NeMo Evaluator
June 3, 2026 · View on GitHub
Documentation | GitHub | Issues
LLM evaluation framework with benchmark environments, pluggable solvers, composable interceptor proxy, and multi-format reporting.
Install
pip install -e . # core
pip install -e ".[scoring]" # + sympy for symbolic math
pip install -e ".[stats]" # + scipy (regression analysis)
pip install -e ".[scoring,stats]" # + sympy + scipy for confidence intervals
pip install -e ".[harbor]" # + Harbor agents (OpenHands, Terminus-2)
pip install -e ".[inspect]" # + Inspect AI log export
pip install -e ".[all]" # common runtime integrations
Quick Start
export NVIDIA_API_KEY="your-api-key-here"

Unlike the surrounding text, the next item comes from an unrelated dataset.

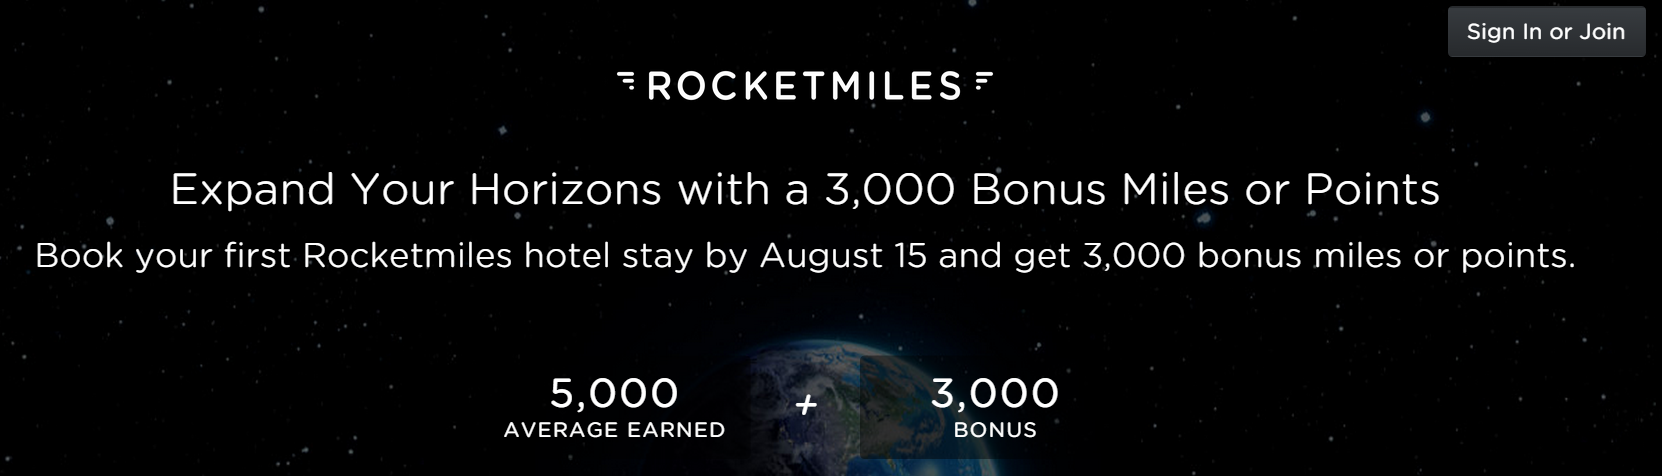 Rocketmiles   Lunar Orbiter 3000 Bonus

# Run a benchmark from the CLI
nel eval run --bench mmlu \
--model-url https://integrate.api.nvidia.com/v1 \
--model-id nvidia/nemotron-3-super-120b-a12b \
--api-key $NVIDIA_API_KEY \
--repeats 3 --max-problems 100
# Run from a YAML config
nel eval run config.yaml
nel eval run config.yaml --resume
# Generate a report
nel eval report ./eval_results/ -f markdown -o report.md
Benchmarks
17 built-in benchmarks plus external harness integrations:
| Benchmark | Type | Scoring |
|---|---|---|
| mmlu, mmlu_pro, gpqa | Multichoice | multichoice_regex |
| gsm8k, math500, mgsm | Math | numeric_match / answer_line |
| drop, triviaqa | QA | fuzzy_match |
| humaneval | Code | code_sandbox (Docker) |
| simpleqa, healthbench | Judge | needs_judge |
| pinchbench | Agentic | code_sandbox / needs_judge |
| xstest | Safety | needs_judge |
| terminal-bench-hard, terminal-bench-v1 | Terminal tasks | Task test harness |
| nmp_harbor | Agentic NMP | Harbor task tests |
External environments via URI schemes: lm-eval://, skills://, vlmevalkit://, gym://, harbor://, container://.
Adapter Proxy
Built-in local interceptor proxy for LLM traffic. Intercepts all agent-to-model requests for caching, logging, payload modification, turn limiting, and custom transformations — no external dependencies required.
services:
nemotron:
type: api
url: https://integrate.api.nvidia.com/v1/chat/completions
protocol: chat_completions
model: nvidia/nemotron-3-super-120b-a12b
api_key: ${NVIDIA_API_KEY}
proxy:
request_timeout: 600
interceptors:
- name: turn_counter
config:
max_turns: 100
- name: drop_params
config:
params: [max_tokens]
verbose: true
Available interceptors:
| Interceptor | Stage | Description |
|---|---|---|
endpoint | request→response | Async HTTP forwarding with retry, backoff, connection pooling |
caching | request→response | Disk-backed SQLite cache with canonical keys |
turn_counter | request | Per-session turn counting with budget injection |
drop_params | request | Strip named parameters from requests |
modify_tools | request | Add/remove properties in tool schemas |
system_message | request | Inject/replace/prepend system messages |
payload_modifier | request | Recursive parameter add/remove/rename |
raise_client_errors | response | Convert 4xx to exceptions |
log_tokens | response | Log token usage per request |
response_stats | response | Aggregate timing and token statistics |
reasoning | response | Normalize <think> blocks to reasoning_content |
progress_tracking | response | Progress counter with optional webhook |
logging | request + response | Request/response logging with body preview |
Solvers
Configured via solver.type in each benchmark:
| Solver Type | Config type | Use Case |
|---|---|---|
| SimpleSolver | simple | Standard chat/completion/VLM (default) |
| HarborSolver | harbor | Harbor agents (OpenHands, Terminus-2, etc.) |
| ToolCallingSolver | tool_calling | Tool-use with Gym resource servers |
| GymDelegationSolver | gym_delegation | Delegate to nemo-gym server |
| OpenClawSolver | openclaw | OpenClaw CLI agent |
| ContainerSolver | container | Legacy container harness |
Export
Evaluation results can be exported to experiment trackers and compatible formats:
output:
export: [inspect, wandb, mlflow]
inspect— Producesinspect_ai-compatibleEvalLogJSON files. Install withpip install -e ".[inspect]".wandb/mlflow— Push scores and artifacts to experiment trackers. Install withpip install -e ".[export]".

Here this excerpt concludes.